Specific effects Unspecific effects
Cognition Contemplative states; Mindfulness; Self-identity; Self-efficacy; Beliefs; Expectations Control of attentional networks
Emotions Emotional control/regulation Quality of Life
Physiology Vagal afferent activity; Heart rate/Respiratory; Resposta de relaxamento/redução do Estresse contactos Sociais
corpo Físico flexibilidade Física, Fitness/Resistência estilo de vida Saudável
Específicas e inespecíficas efeitos são muitas vezes interligadas.
Quadro 2
nível de acção e efeitos observados das intervenções do ioga.

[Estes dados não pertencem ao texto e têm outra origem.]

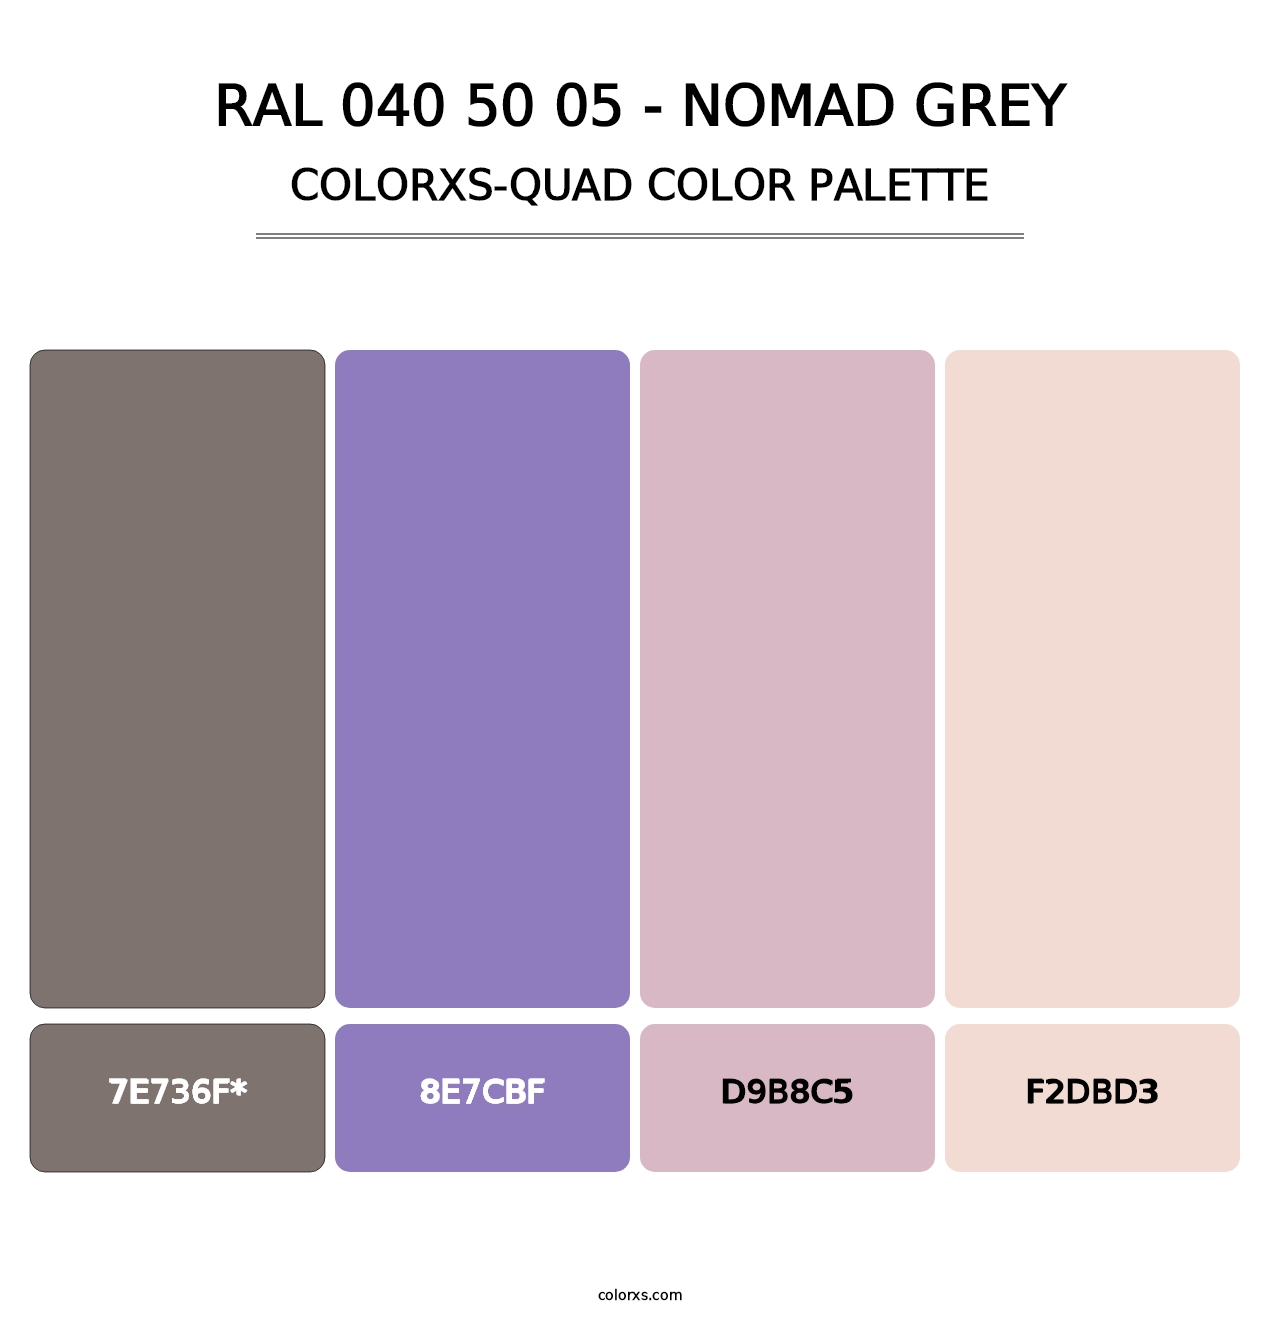 RAL 040 50 05 - Nomad Grey - Colorxs Quad Palette
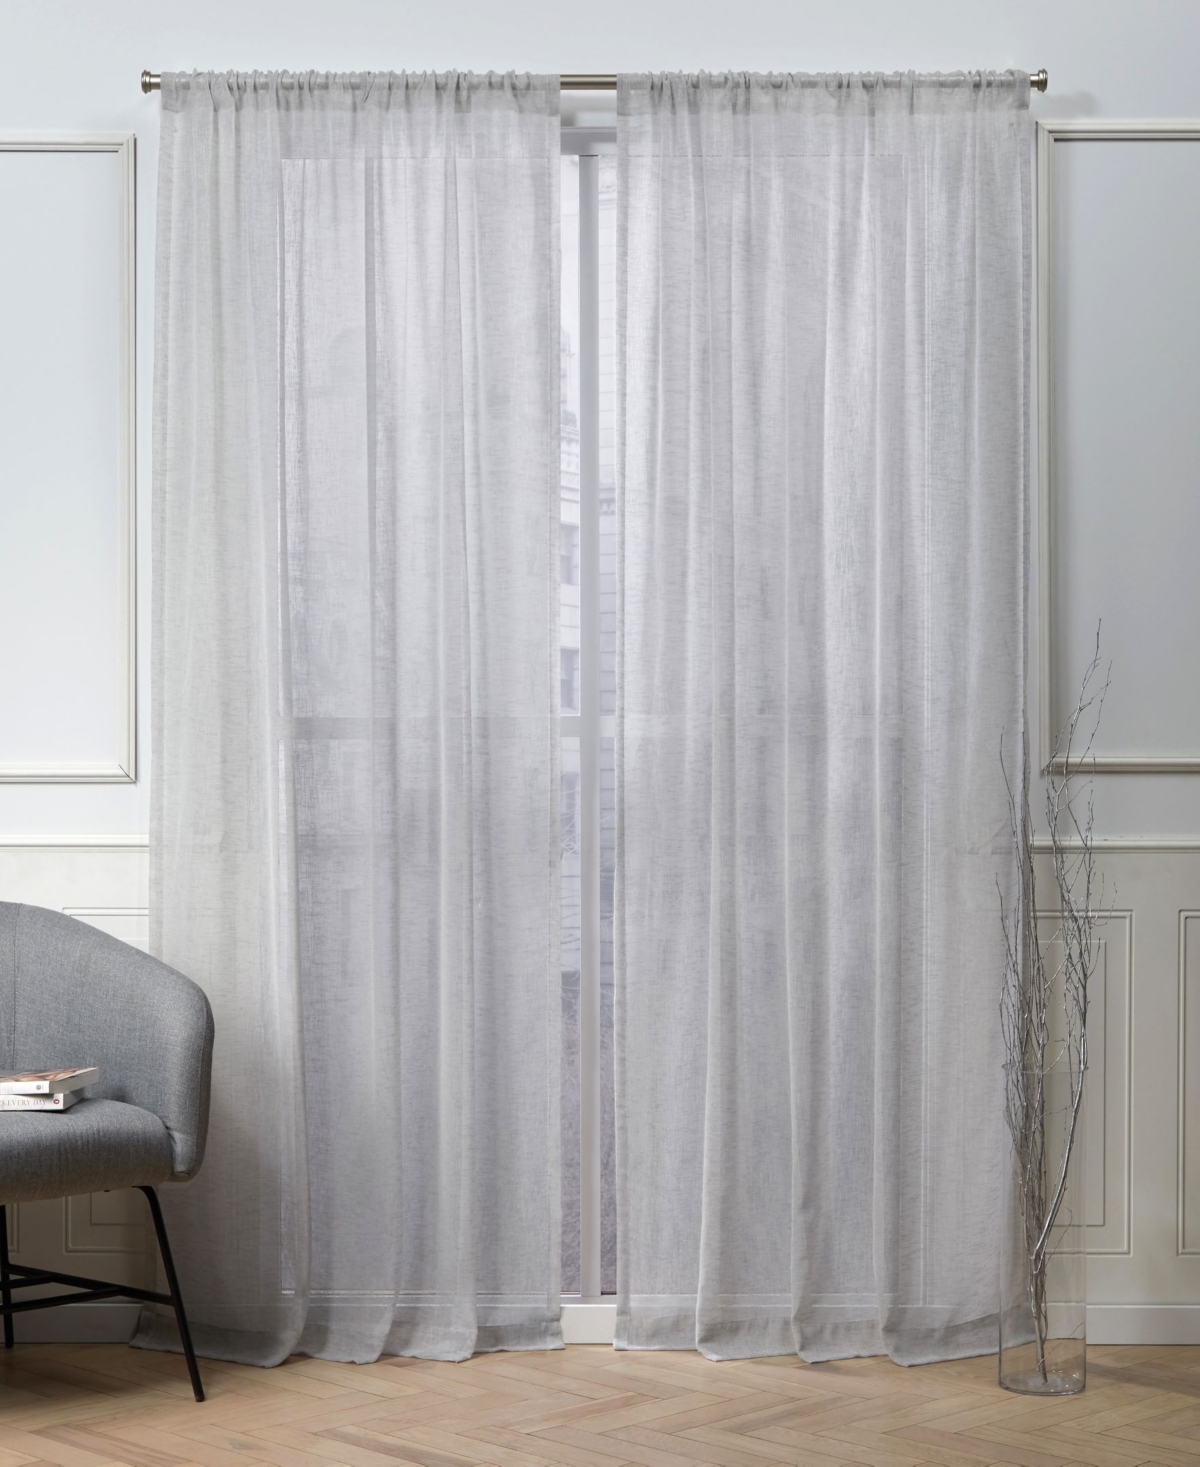 Belfry Sheer Rod Pocket Top 50" X 84" Curtain Panel Pair - Silver

o grau em que as intervenções de ioga são tratamentos curativos permanece por determinar; atualmente é seguro sugerir que o yoga pode ser um complemento benéfico ou um tratamento adjuvante. Jayasinghe afirmou que se pode “concluir que o yoga pode ser benéfico na prevenção primária e secundária da doença cardiovascular e que pode desempenhar um papel primário ou complementar a este respeito” . Devido ao baixo risco de yoga para efeitos colaterais, ao selecionar posturas apropriadas para a população, e potencial para efeitos colaterais positivos reais, pode ser um candidato promissor particularmente para a reabilitação cardíaca, dependendo das habilidades dos pacientes e da vontade de adotar práticas de yoga com regularidade. No entanto, os aspectos meditativos e auto-reflexivos (cognitivos) do yoga podem ser problemáticos especialmente para pacientes com transtornos psicóticos ou de personalidade. No entanto, existem actualmente dados insuficientes sobre contra-indicações ou efeitos secundários relacionados com as práticas de ioga em doentes com distúrbios psicológicos. embora várias revisões sugiram benefícios positivos do yoga, várias limitações metodológicas (incluindo pequenos tamanhos de amostra, heterogeneidade dos controlos e intervenções) limitam a generalização destes resultados promissores do estudo. É muito provável que o yoga possa ajudar a melhorar a auto-eficácia do paciente, auto-competência, aptidão física, e suporte de grupo, e pode muito bem ser eficaz como um complemento de suporte para mitigar as condições médicas, mas ainda não como um tratamento independente comprovado, curativo. São necessários estudos de confirmação com maior qualidade metodológica e intervenções de controlo adequadas.